What you will do: The data below should be retyped exactly, with the pictures left out.

Data section:
________________

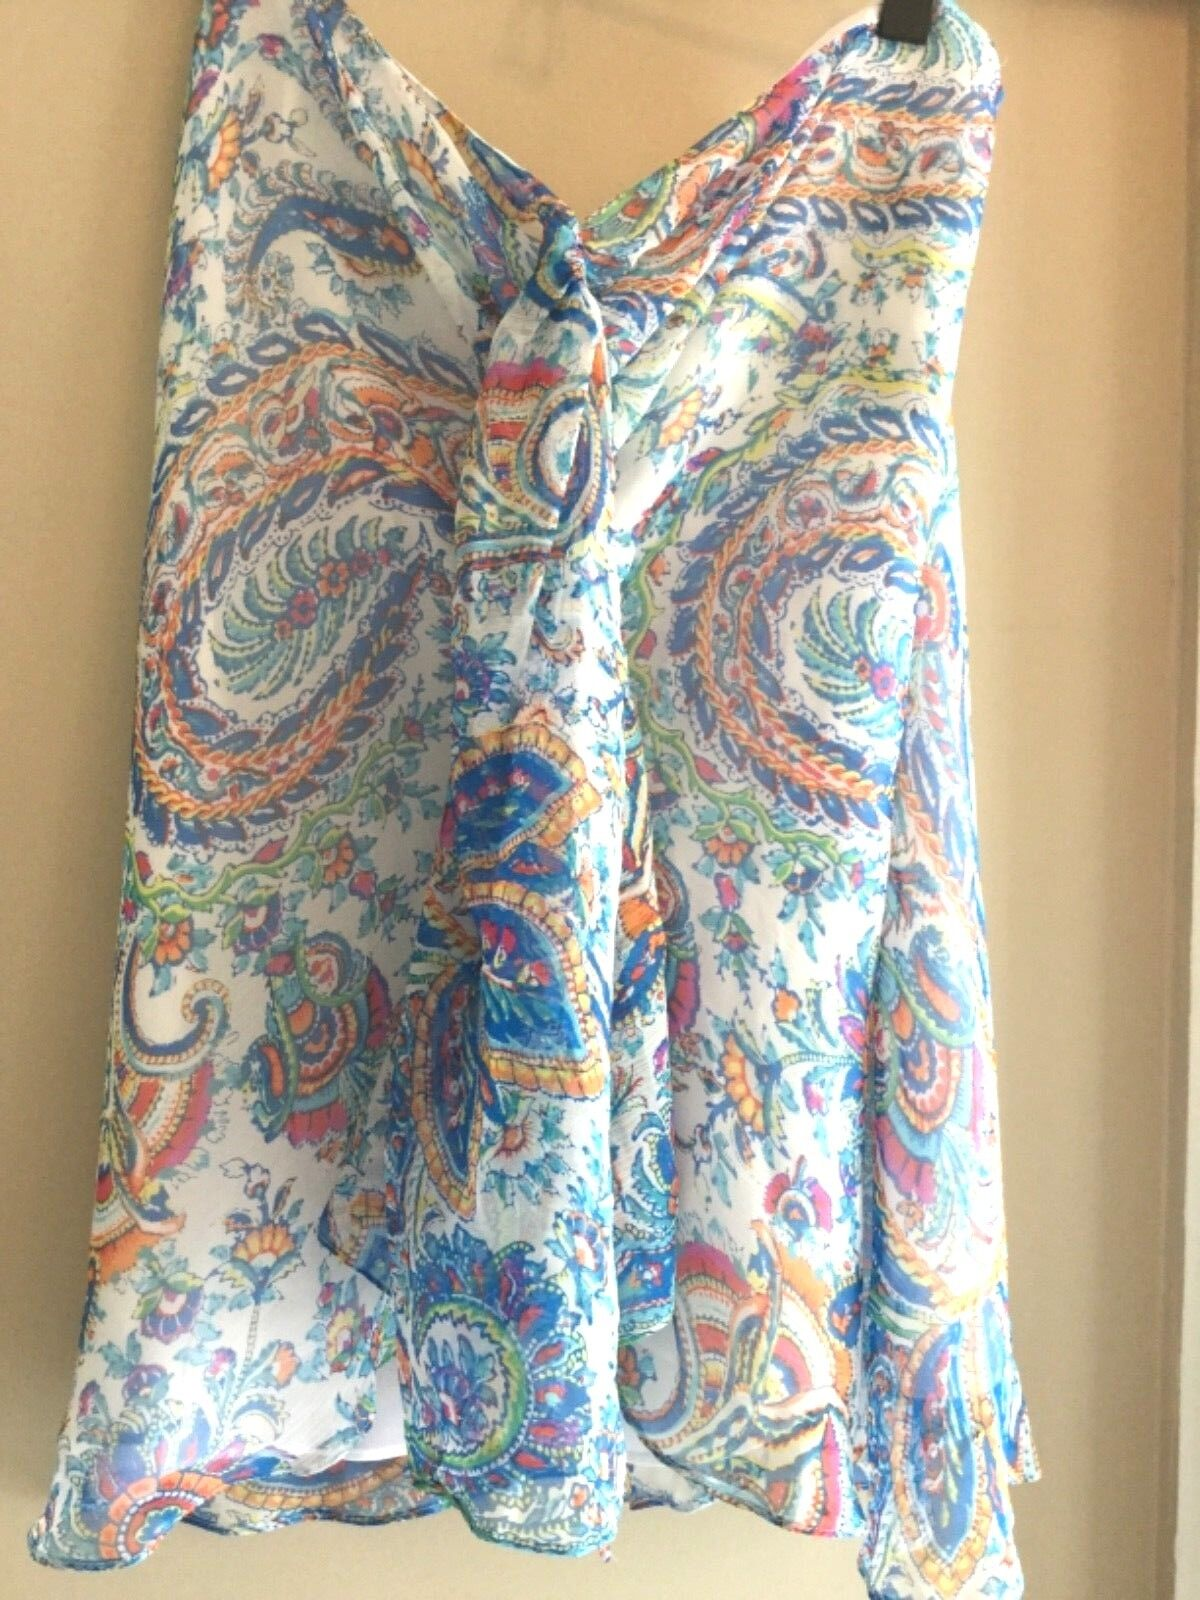 Ralph Lauren SILK ruffle halter blouse top Tunic Weiß  Blau  multi paisley L
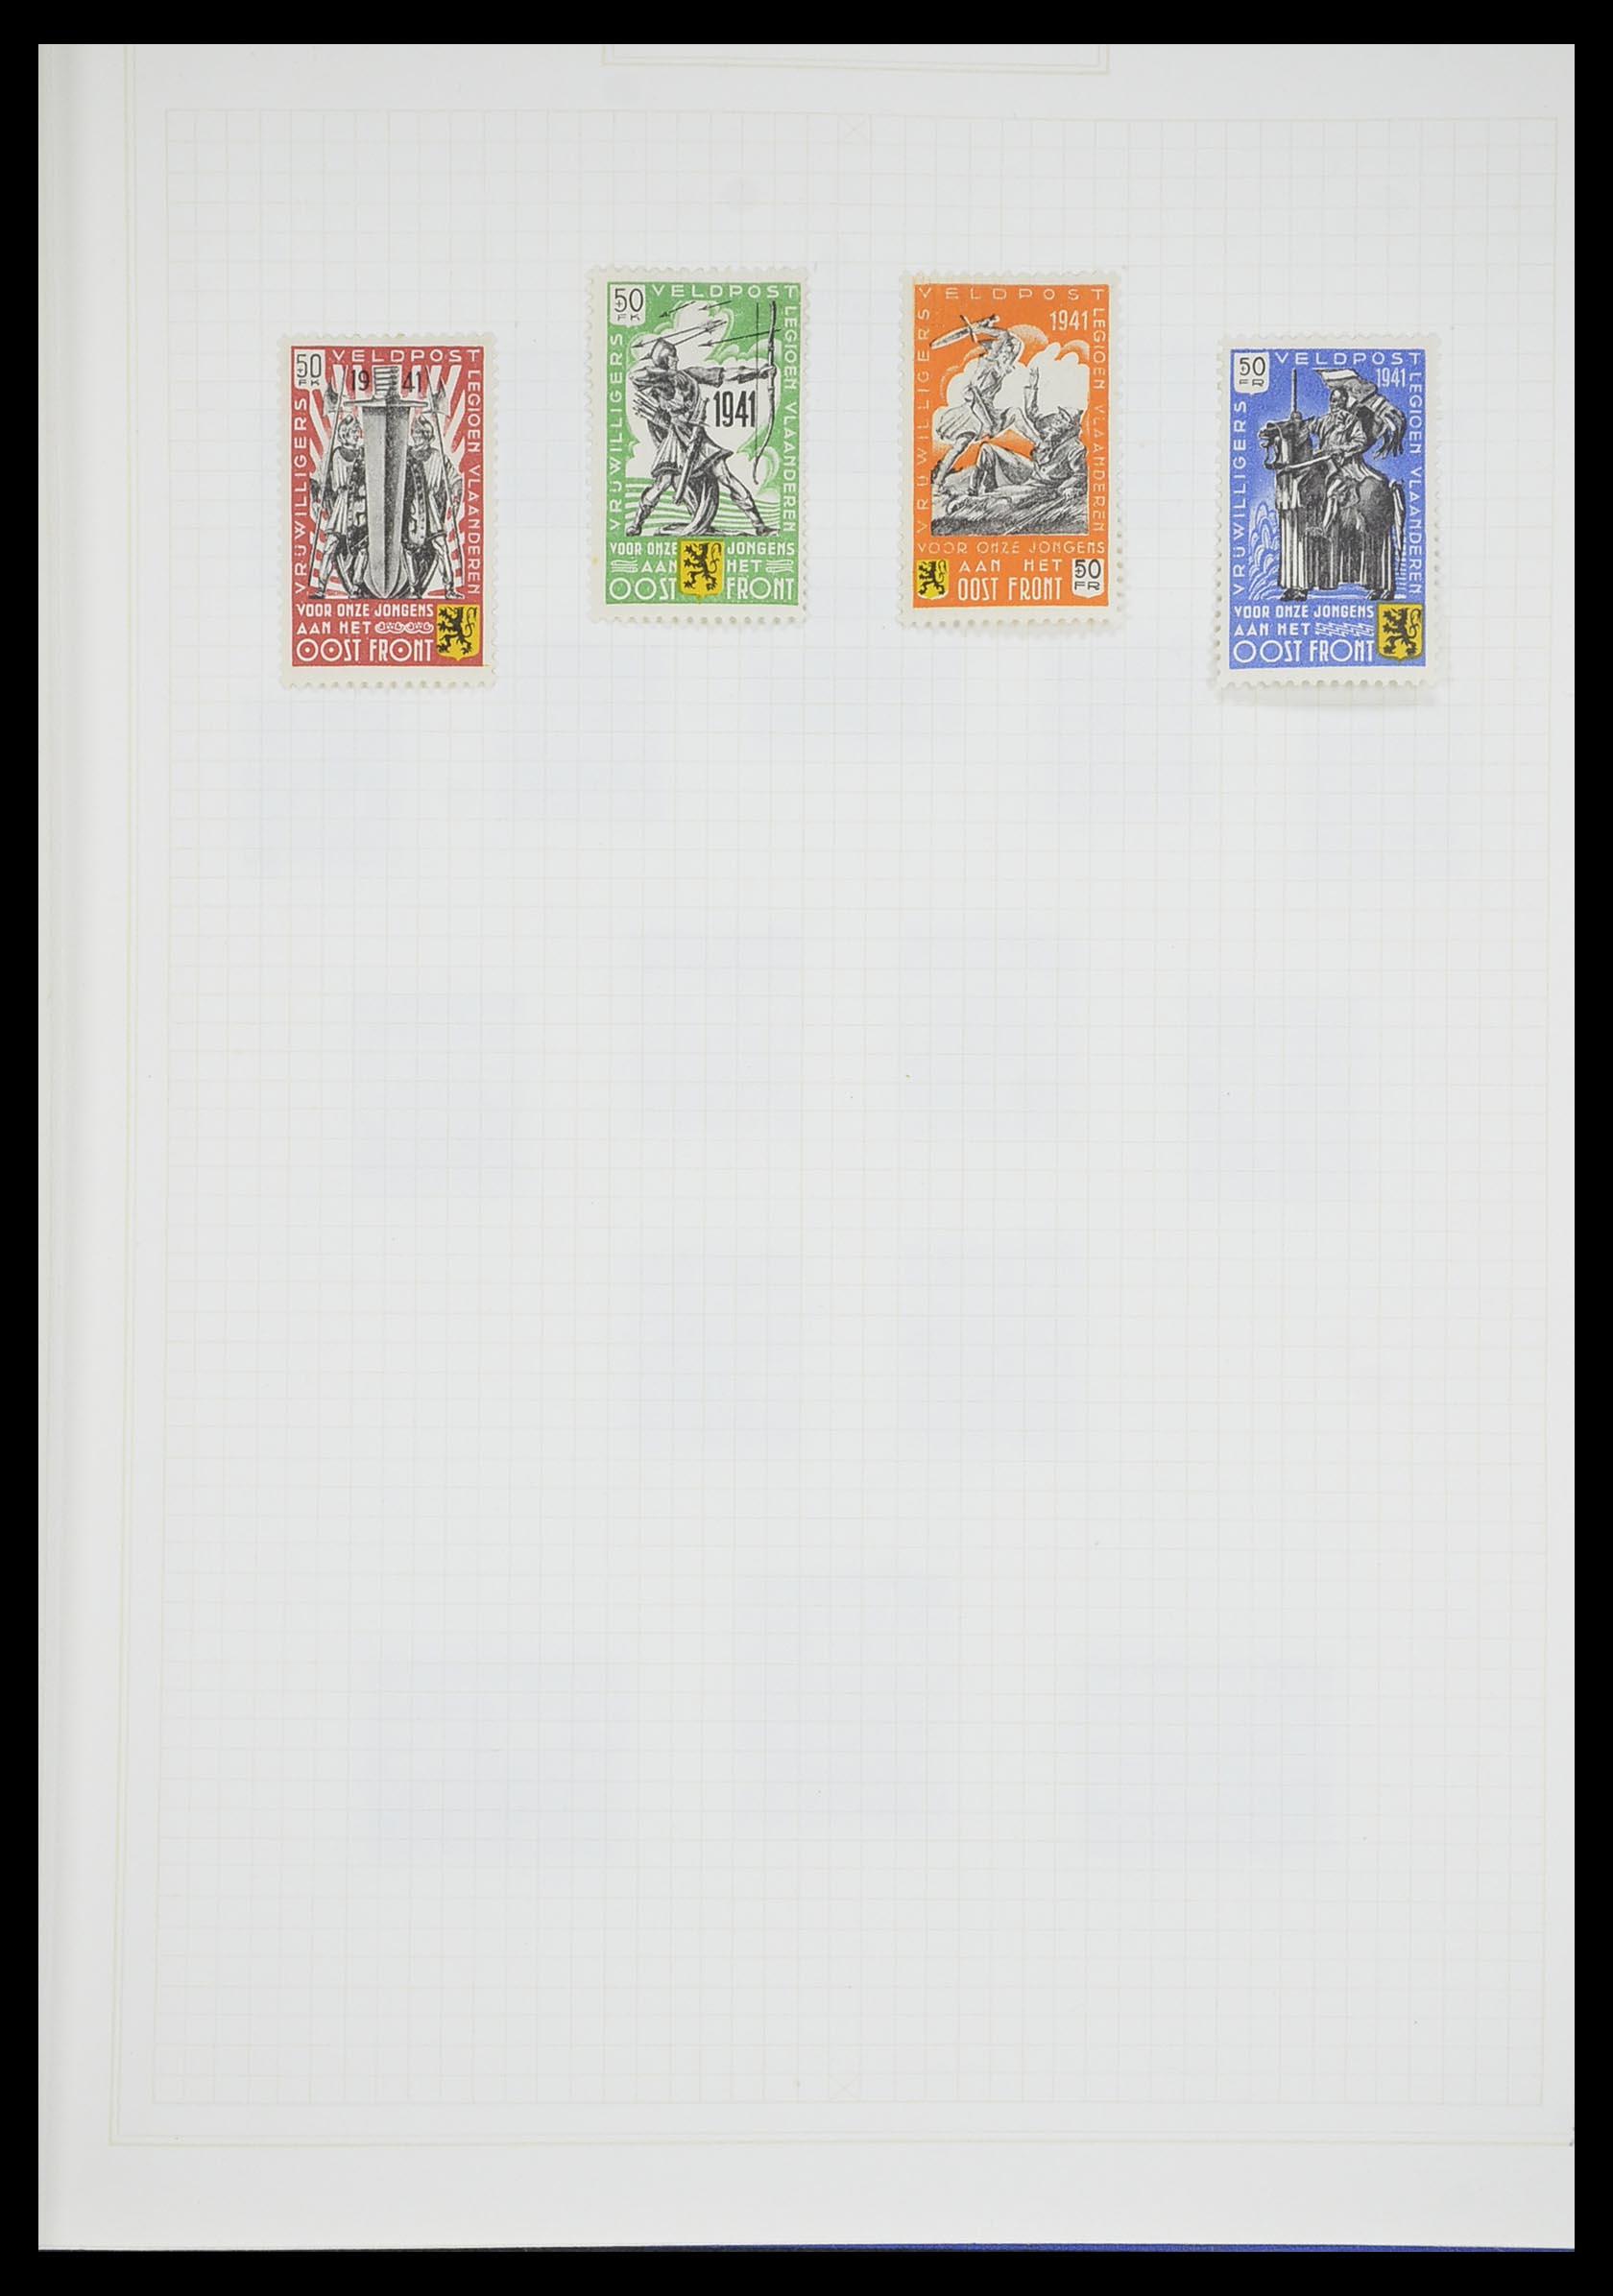 33713 011 - Postzegelverzameling 33713 Duitse bezettingen WO I en WO II 1914-1945
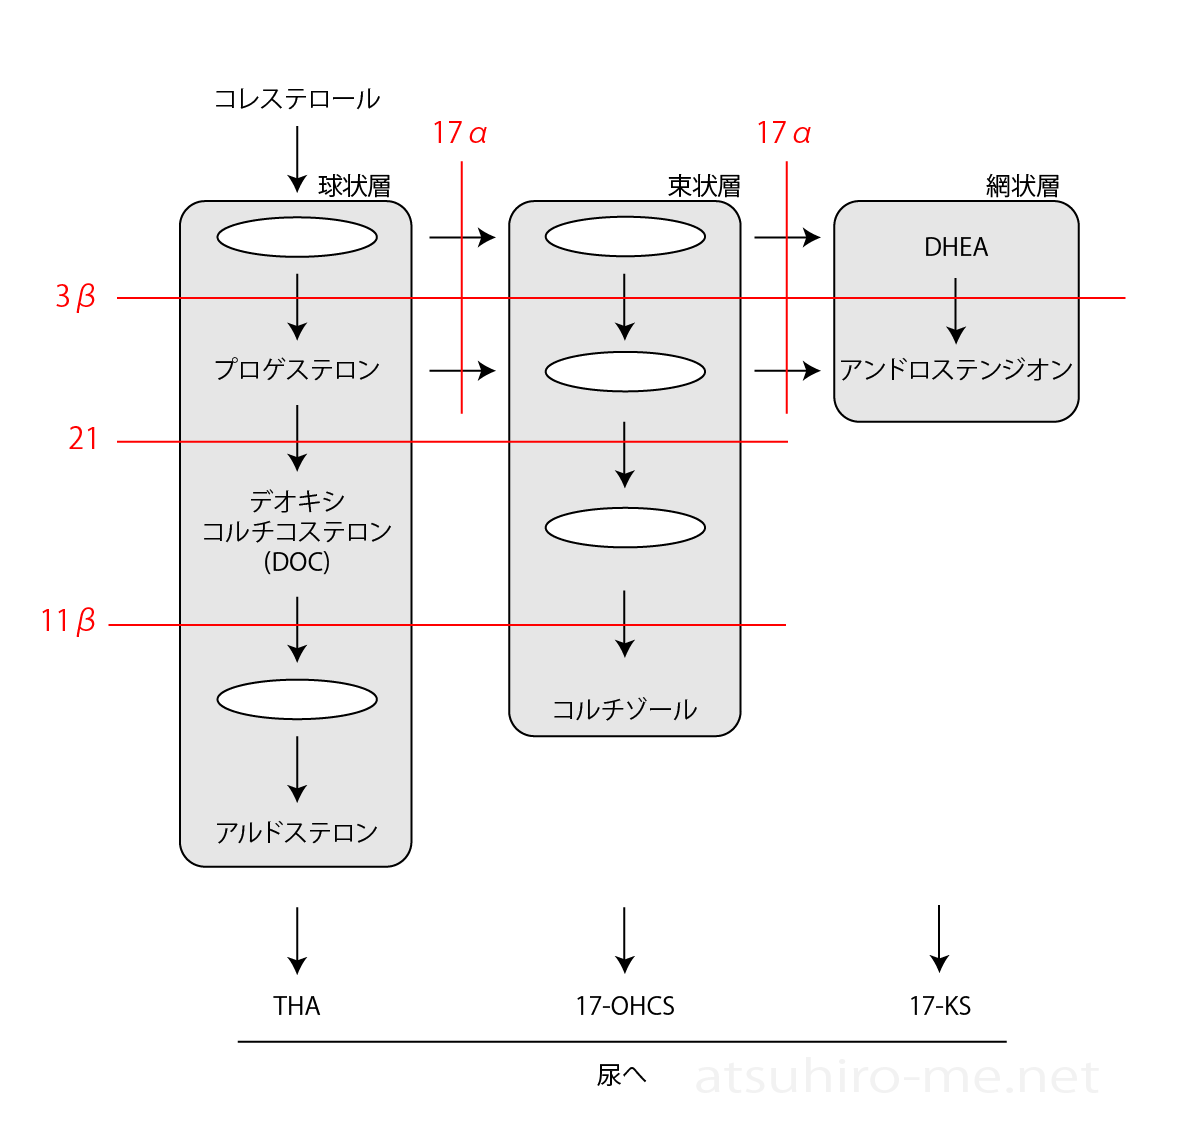 f:id:atsuhiro-me:20160121100026p:plain:w300
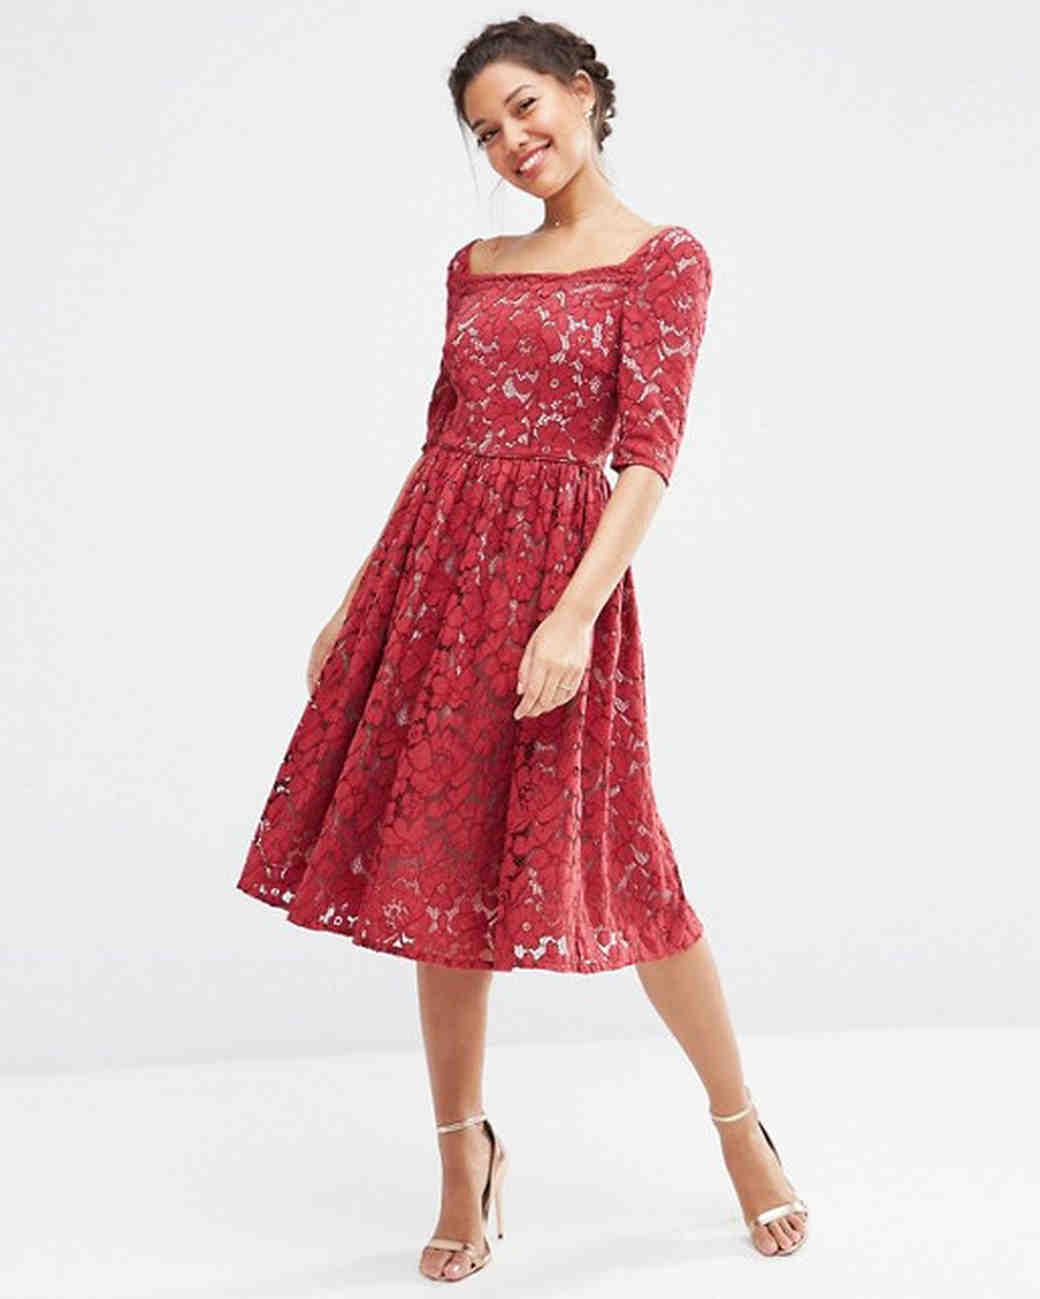 Red bridesmaid dresses martha stewart weddings ombrellifo Gallery

________________

Response to the task:
 Ralph Lauren SILK ruffle halter blouse top Tunic Weiß  Blau  multi paisley L
 33713 011 - Postzegelverzameling 33713 Duitse bezettingen WO I en WO II 1914-1945
 f:id:atsuhiro-me:20160121100026p:plain:w300
 Red bridesmaid dresses martha stewart weddings ombrellifo Gallery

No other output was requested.